The challenge of codependency is that it is natural for at least half of humanity to want to be helpful, as parents and partners. The challenge comes when we overstep other's boundaries, or an addiction makes a child or partner unable to respond to insights from others. I am slowly trying to figure out balance here.

Saturday, January 25, 2020

Crying

I have been crying a lot this week and last.

Last Thursday, I got the hint that the Boy will likely stay in Montana for his senior year of high school. I cried for a few hours over this. It was a good hard, cathartic cry and I felt better afterwards.

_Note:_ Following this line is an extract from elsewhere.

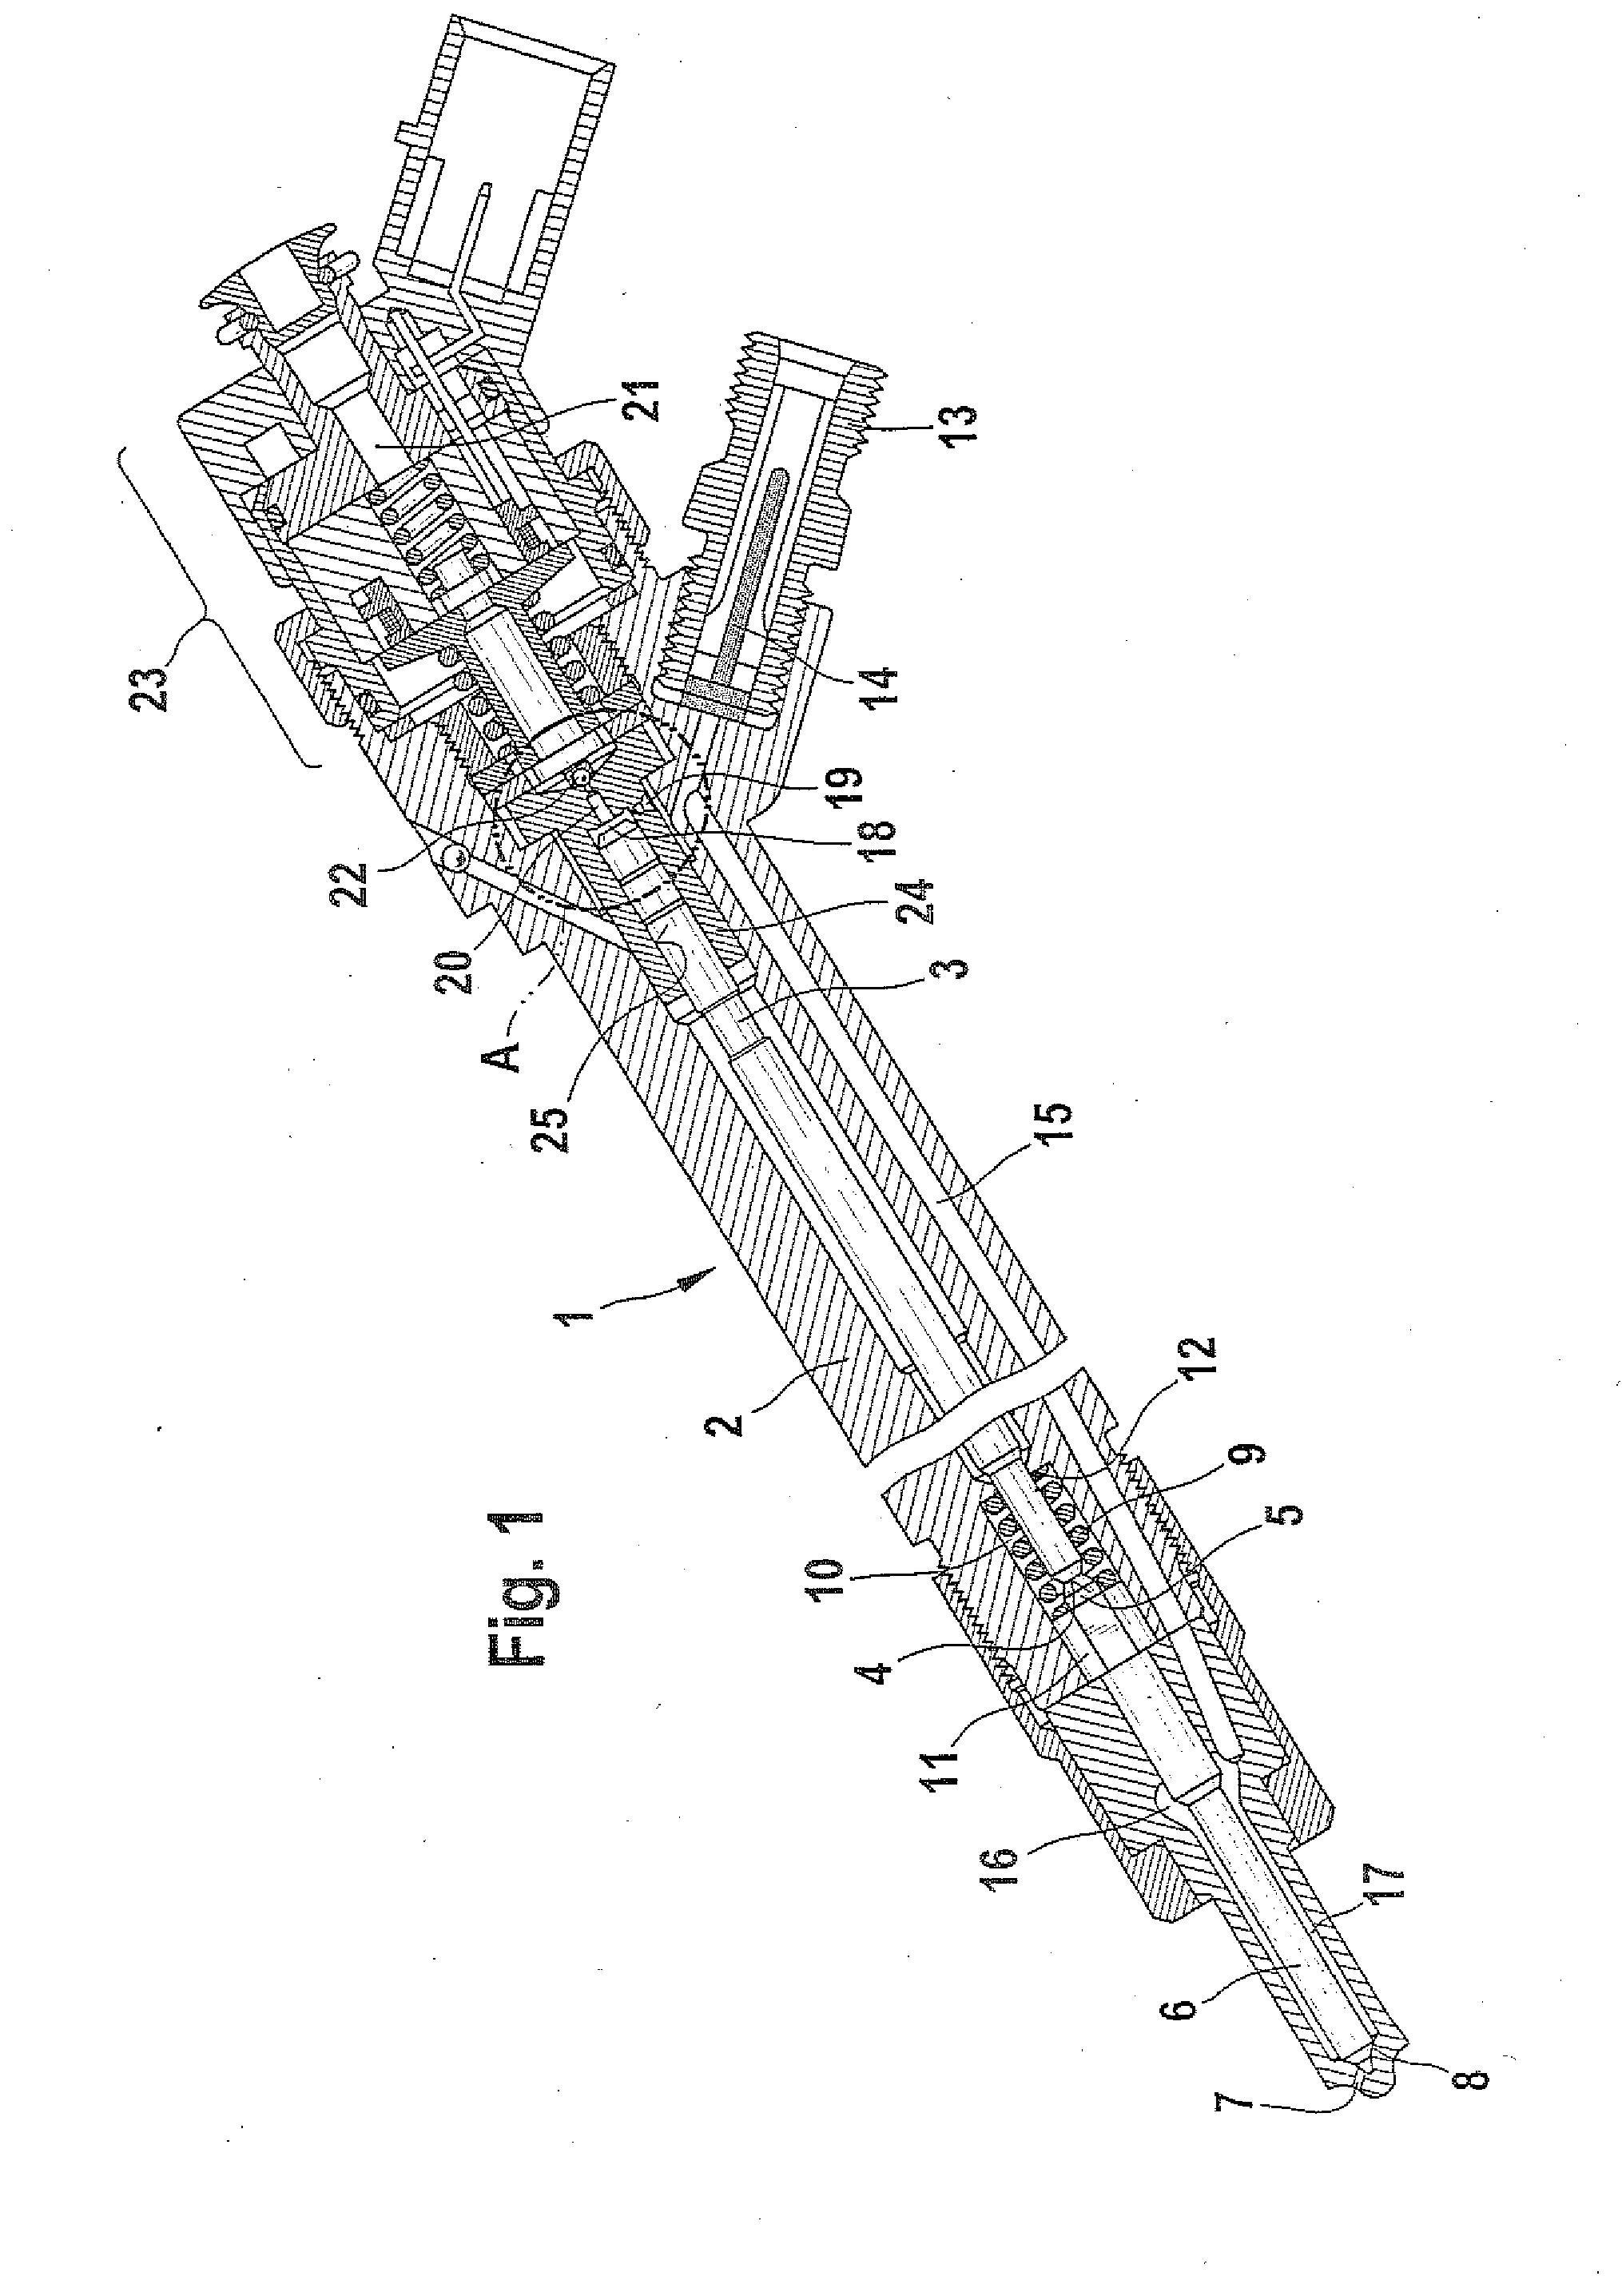 Fuel Injector with Punch-Formed Valve Seat for Reducing Armature Stroke Drift

Yesterday afternoon, I got an email from the Boy's school nurse that he might have torn his ACL and he needs an MRI. As readers of my blog may know, I tore my ACL at the end of 2015. 2016 was the year of surgery and recovery. The Boy is stronger, tougher and younger than I was in 2015, so his recovery will likely be faster. Still, this teeny-tiny ligament in the knee can surprisingly mess up someone's life for a year. Mobility is important. The Boy lives for skiing. His second sport is soccer. He had just joined the school's basketball team, too, which was awesome for someone who had rarely touched a basketball. This happens in a school of thirty-five kids when they need more players. All of these sports require an ACL.

How did he tear it? Attempting a 540 spin on what I am guessing was a janky homemade jump by the boys at his school on the snowy Montana campus.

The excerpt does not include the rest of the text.